» DATA EXCERPT

------------

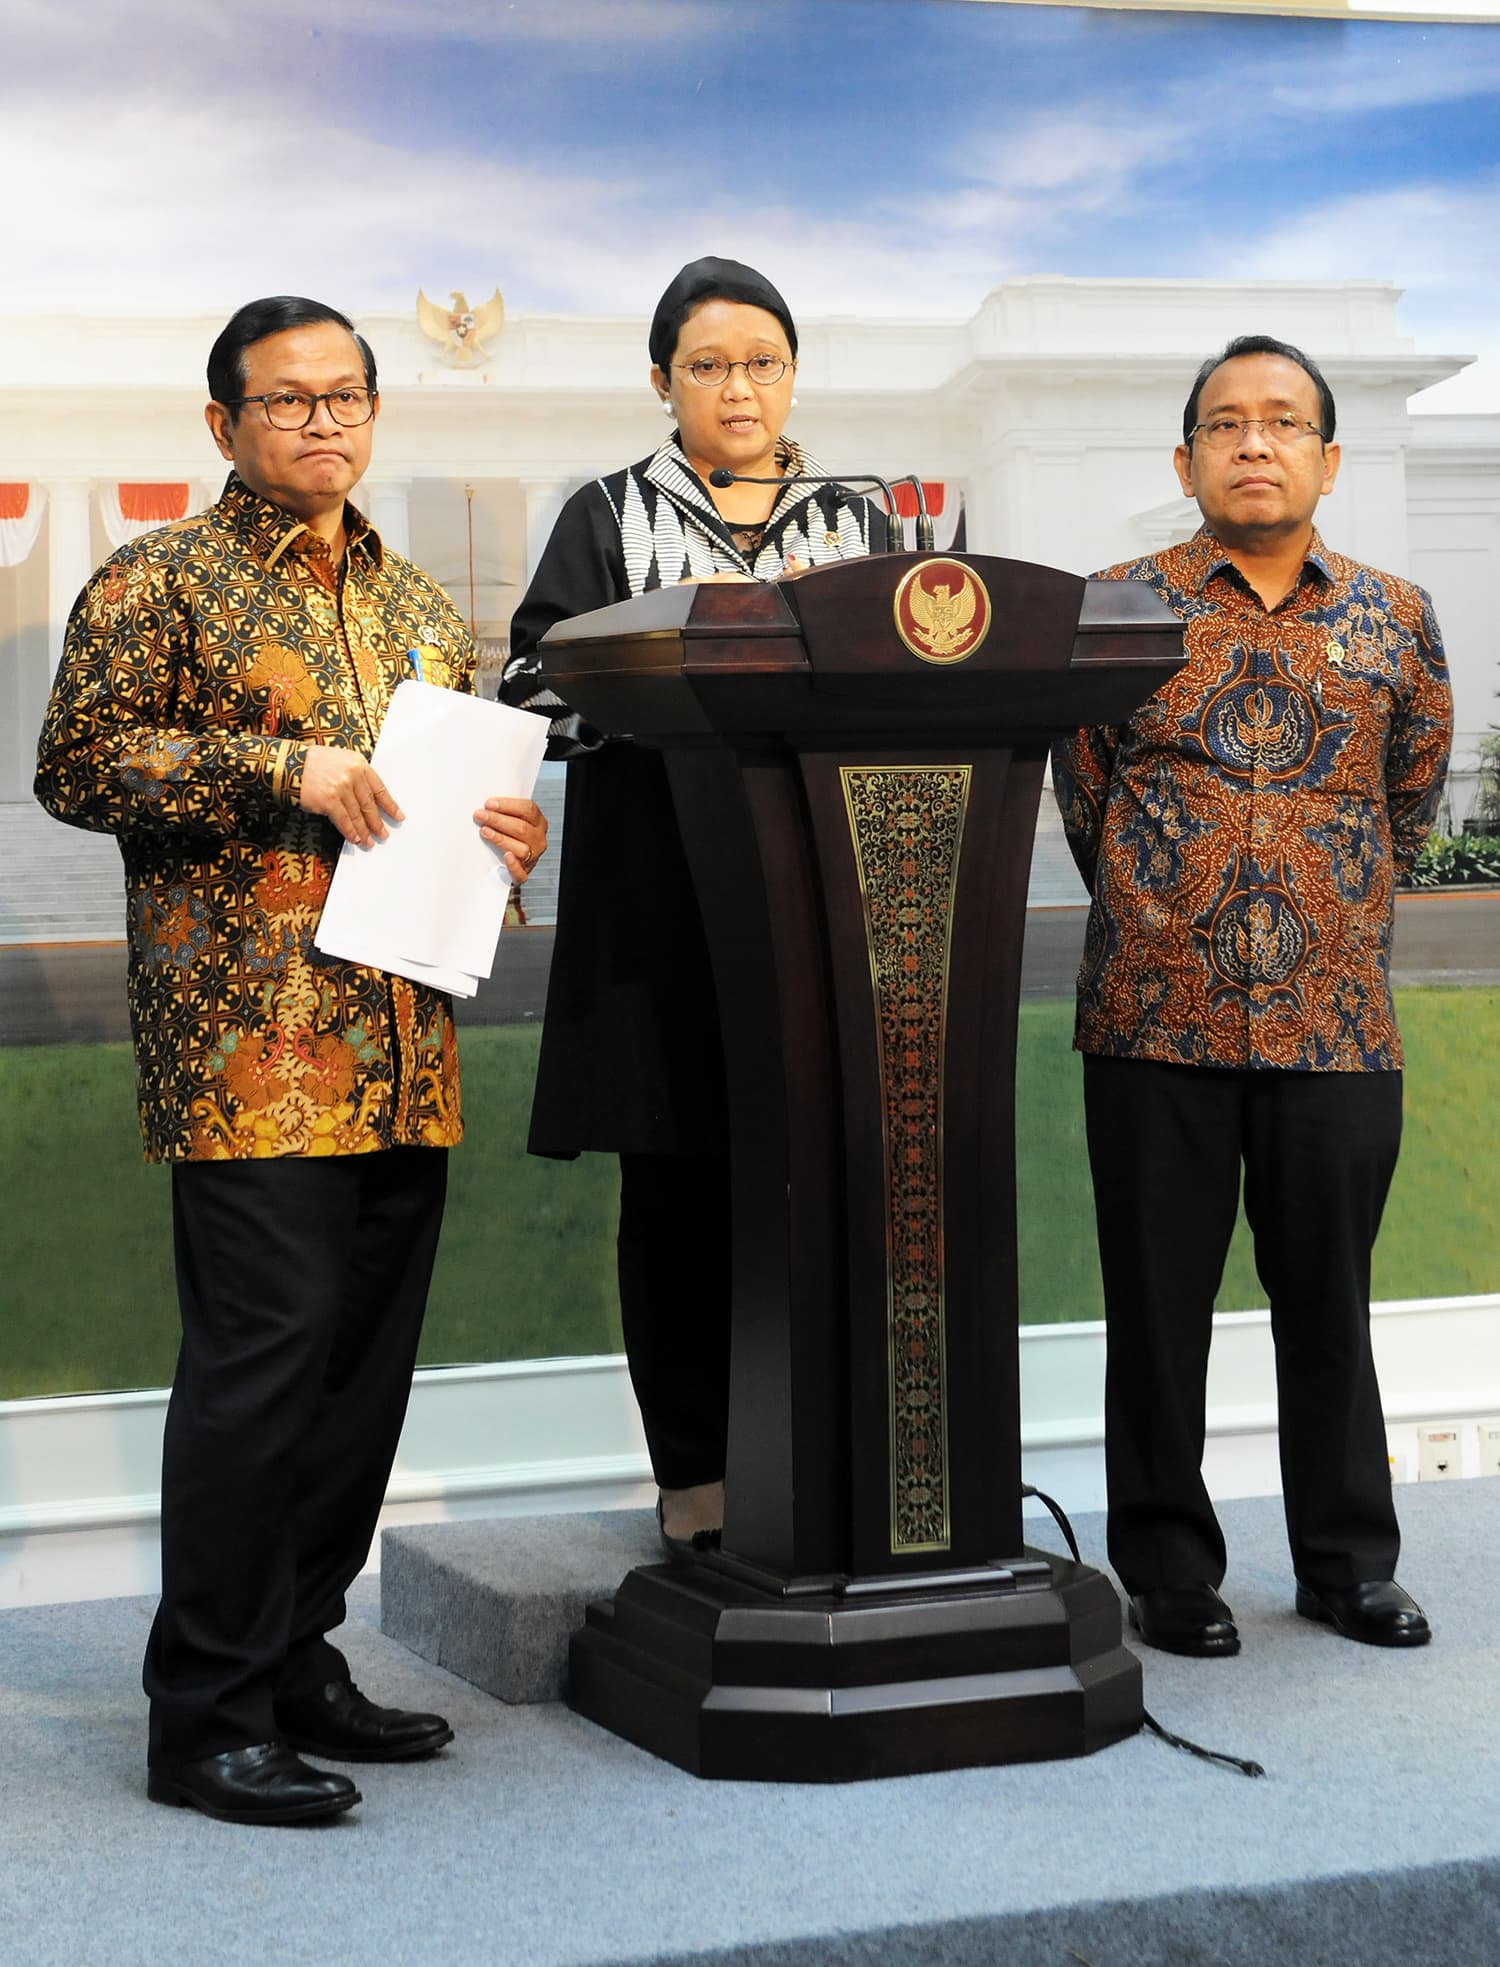 Menlu usai Rapat Terbatas memberikan keterangan mengenai persiapan IORA di Kantor Presiden Jakarta (2/3). (foto: Humas Nia)
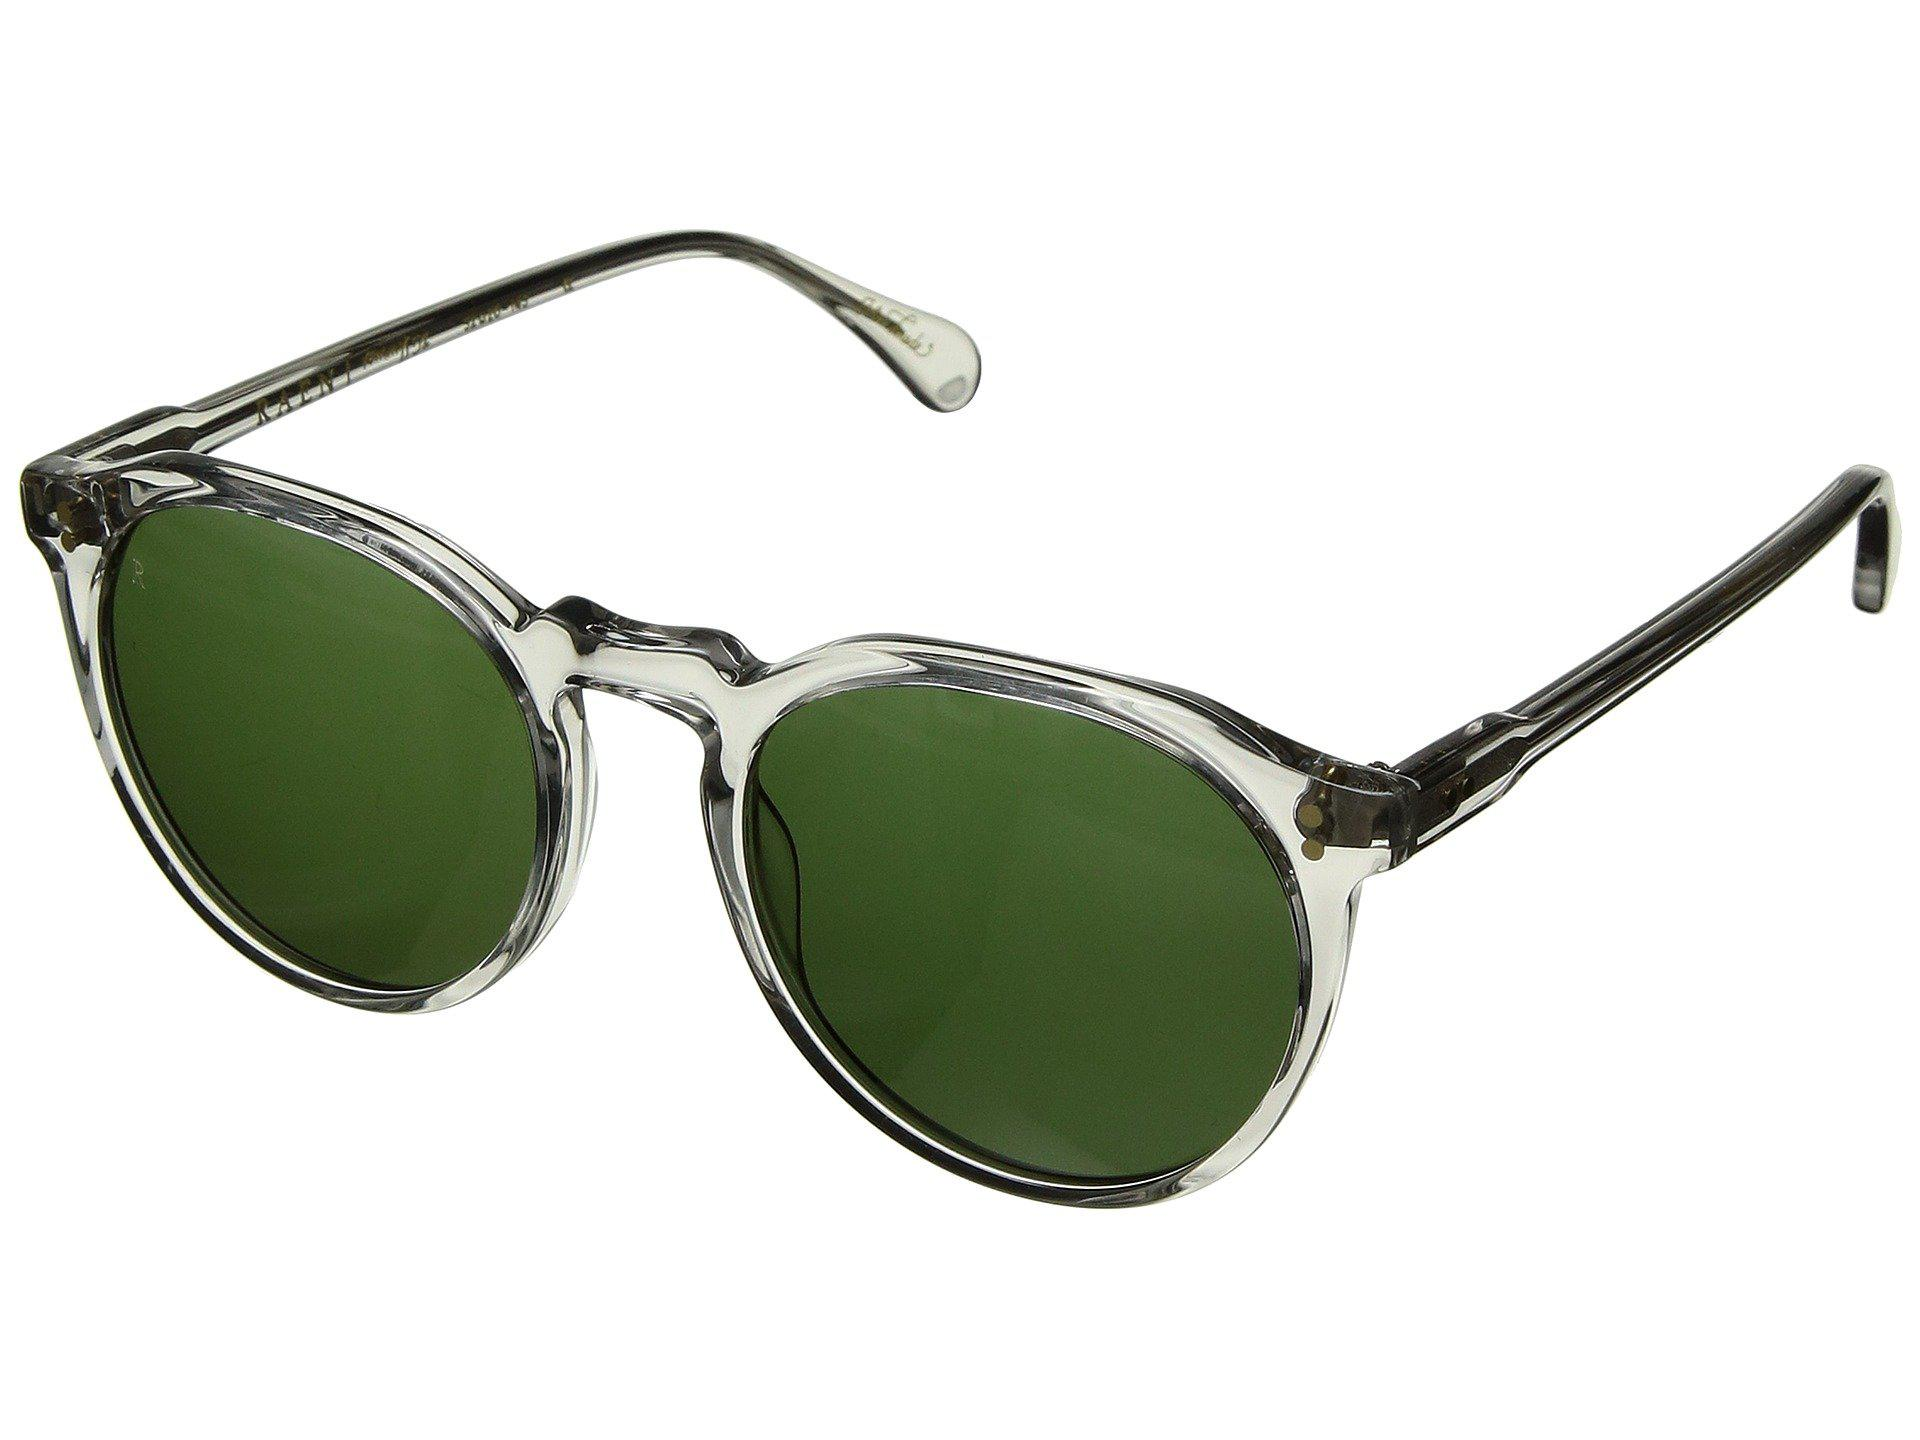 8a7cabf798 Lyst - Raen Remmy 52 (black tan Brown) Fashion Sunglasses in Green
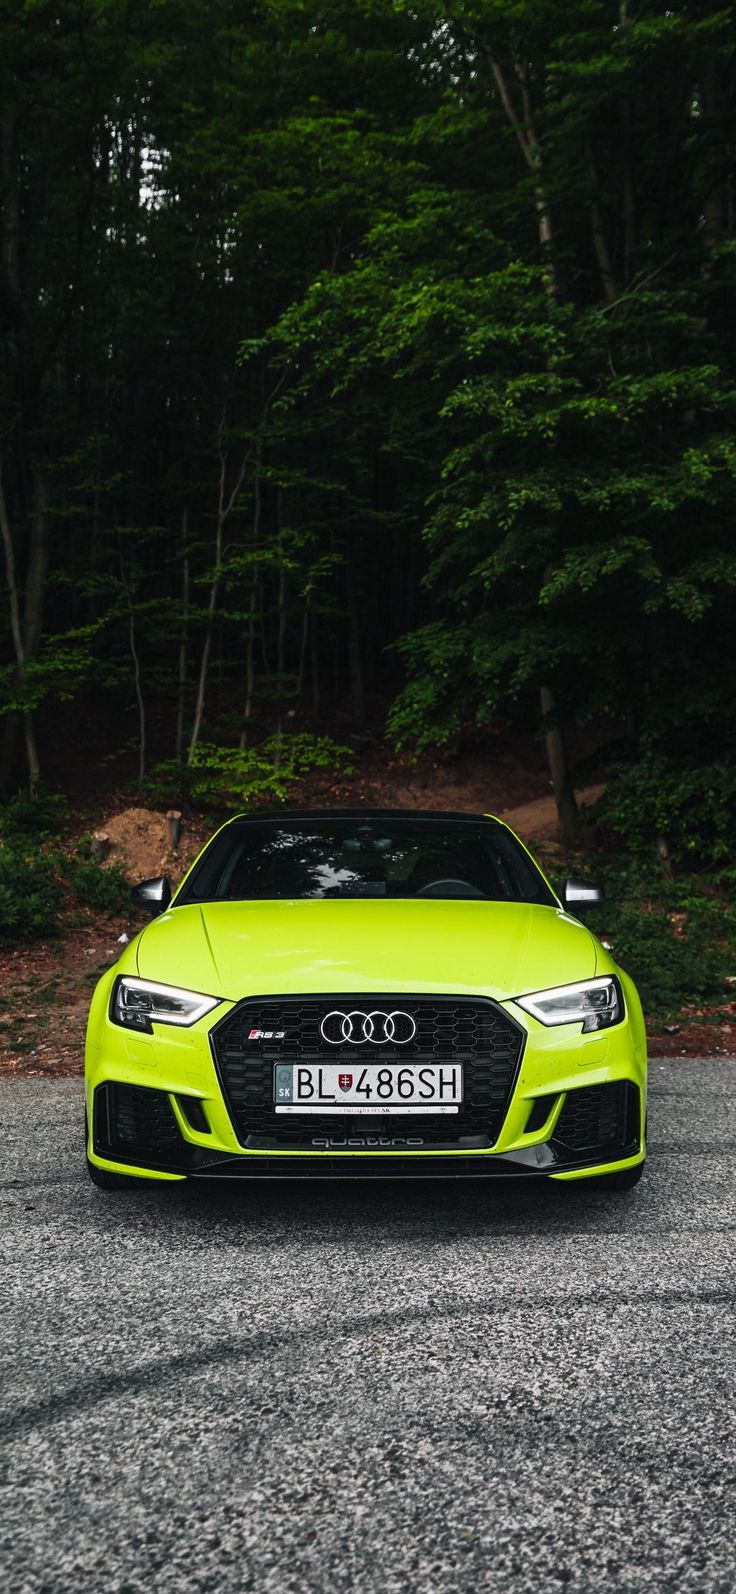 Pin By Patrycja Rataj On Vehicle Car Iphone Wallpaper Audi Audi Rs4

------------

» GOAL OF THE EXERCISE
What the answer must hold is the exact text of every line from the one containing "8a7cabf798 Lyst - Raen" through the end of the data, minus any pictures.

» ANSWER TO THE EXERCISE
 8a7cabf798 Lyst - Raen Remmy 52 (black tan Brown) Fashion Sunglasses in Green
 Pin By Patrycja Rataj On Vehicle Car Iphone Wallpaper Audi Audi Rs4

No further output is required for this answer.